Items from a dataset:
★ ★ ★ ★

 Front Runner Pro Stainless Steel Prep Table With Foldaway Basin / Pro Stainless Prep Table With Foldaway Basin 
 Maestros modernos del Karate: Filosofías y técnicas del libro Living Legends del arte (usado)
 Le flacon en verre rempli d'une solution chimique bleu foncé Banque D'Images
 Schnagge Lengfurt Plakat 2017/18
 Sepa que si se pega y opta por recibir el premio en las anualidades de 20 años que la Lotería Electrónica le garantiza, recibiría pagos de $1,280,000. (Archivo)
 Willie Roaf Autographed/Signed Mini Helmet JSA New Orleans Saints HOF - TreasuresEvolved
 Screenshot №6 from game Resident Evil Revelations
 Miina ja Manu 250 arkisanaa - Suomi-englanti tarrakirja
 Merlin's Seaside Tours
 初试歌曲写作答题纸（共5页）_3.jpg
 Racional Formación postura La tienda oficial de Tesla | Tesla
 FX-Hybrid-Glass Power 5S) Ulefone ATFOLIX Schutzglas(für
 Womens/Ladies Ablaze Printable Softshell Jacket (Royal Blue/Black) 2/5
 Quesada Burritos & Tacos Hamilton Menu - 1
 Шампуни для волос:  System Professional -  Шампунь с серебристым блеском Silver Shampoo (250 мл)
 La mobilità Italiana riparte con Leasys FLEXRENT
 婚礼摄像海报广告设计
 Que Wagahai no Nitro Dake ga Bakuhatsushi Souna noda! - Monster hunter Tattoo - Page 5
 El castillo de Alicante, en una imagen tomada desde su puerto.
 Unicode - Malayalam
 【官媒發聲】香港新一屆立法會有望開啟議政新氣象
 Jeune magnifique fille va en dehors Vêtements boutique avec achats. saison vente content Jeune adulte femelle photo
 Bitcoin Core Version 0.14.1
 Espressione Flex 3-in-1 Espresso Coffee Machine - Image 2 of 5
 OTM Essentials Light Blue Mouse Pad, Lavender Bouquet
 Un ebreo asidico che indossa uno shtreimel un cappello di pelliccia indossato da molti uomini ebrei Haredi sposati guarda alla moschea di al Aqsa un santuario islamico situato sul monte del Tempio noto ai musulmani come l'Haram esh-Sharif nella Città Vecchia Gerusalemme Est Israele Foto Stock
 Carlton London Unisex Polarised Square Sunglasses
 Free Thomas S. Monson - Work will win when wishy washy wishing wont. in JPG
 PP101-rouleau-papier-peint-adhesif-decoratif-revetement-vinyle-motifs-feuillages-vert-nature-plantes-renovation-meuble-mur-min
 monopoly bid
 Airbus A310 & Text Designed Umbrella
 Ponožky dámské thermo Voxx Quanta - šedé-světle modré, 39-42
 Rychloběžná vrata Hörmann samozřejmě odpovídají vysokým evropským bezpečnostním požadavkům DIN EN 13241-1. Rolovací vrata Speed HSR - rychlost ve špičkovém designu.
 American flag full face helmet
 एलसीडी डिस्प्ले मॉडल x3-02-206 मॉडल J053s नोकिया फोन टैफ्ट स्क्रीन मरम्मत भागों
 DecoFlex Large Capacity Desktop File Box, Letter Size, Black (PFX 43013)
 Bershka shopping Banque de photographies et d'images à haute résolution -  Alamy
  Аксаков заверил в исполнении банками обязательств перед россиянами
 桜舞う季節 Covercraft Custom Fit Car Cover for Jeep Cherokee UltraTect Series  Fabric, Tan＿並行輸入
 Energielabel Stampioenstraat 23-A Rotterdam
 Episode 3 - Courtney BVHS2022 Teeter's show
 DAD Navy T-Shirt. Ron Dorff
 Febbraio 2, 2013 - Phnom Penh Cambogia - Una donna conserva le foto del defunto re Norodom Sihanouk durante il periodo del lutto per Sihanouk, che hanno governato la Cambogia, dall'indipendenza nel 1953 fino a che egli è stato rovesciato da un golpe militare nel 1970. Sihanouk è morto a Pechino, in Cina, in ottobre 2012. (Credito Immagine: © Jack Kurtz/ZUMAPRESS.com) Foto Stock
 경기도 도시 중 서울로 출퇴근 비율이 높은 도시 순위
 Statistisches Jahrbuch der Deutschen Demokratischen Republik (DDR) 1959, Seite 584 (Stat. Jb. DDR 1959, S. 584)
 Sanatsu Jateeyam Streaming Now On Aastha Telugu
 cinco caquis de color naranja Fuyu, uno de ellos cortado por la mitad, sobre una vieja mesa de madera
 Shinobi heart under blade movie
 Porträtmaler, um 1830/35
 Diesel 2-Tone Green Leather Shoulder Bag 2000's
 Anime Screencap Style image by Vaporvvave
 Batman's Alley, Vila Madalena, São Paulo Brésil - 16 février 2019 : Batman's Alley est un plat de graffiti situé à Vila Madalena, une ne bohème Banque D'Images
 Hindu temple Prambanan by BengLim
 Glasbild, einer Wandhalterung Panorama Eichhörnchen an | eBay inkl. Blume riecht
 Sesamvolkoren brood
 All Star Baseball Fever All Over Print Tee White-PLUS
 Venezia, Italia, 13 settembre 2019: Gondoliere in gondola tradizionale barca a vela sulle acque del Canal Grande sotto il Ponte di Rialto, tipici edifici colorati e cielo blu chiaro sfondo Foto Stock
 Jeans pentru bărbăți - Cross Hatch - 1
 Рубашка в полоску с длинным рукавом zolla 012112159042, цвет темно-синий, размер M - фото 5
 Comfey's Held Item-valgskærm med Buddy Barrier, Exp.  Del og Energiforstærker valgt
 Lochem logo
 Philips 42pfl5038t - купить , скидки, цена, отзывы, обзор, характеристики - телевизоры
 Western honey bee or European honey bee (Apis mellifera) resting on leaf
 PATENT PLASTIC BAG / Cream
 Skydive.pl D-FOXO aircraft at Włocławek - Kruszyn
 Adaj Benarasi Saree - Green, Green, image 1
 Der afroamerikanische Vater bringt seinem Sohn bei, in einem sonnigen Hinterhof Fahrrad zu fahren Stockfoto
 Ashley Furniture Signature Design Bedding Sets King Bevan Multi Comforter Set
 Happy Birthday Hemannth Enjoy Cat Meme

★ ★ ★ ★

◆ **Work to be completed**
Only those lines of the entries above that run from the line containing "Espressione Flex 3-in-1" to the line containing "Carlton London Unisex", both included, should be transcribed exactly.

◆ **Your response**
 Espressione Flex 3-in-1 Espresso Coffee Machine - Image 2 of 5
 OTM Essentials Light Blue Mouse Pad, Lavender Bouquet
 Un ebreo asidico che indossa uno shtreimel un cappello di pelliccia indossato da molti uomini ebrei Haredi sposati guarda alla moschea di al Aqsa un santuario islamico situato sul monte del Tempio noto ai musulmani come l'Haram esh-Sharif nella Città Vecchia Gerusalemme Est Israele Foto Stock
 Carlton London Unisex Polarised Square Sunglasses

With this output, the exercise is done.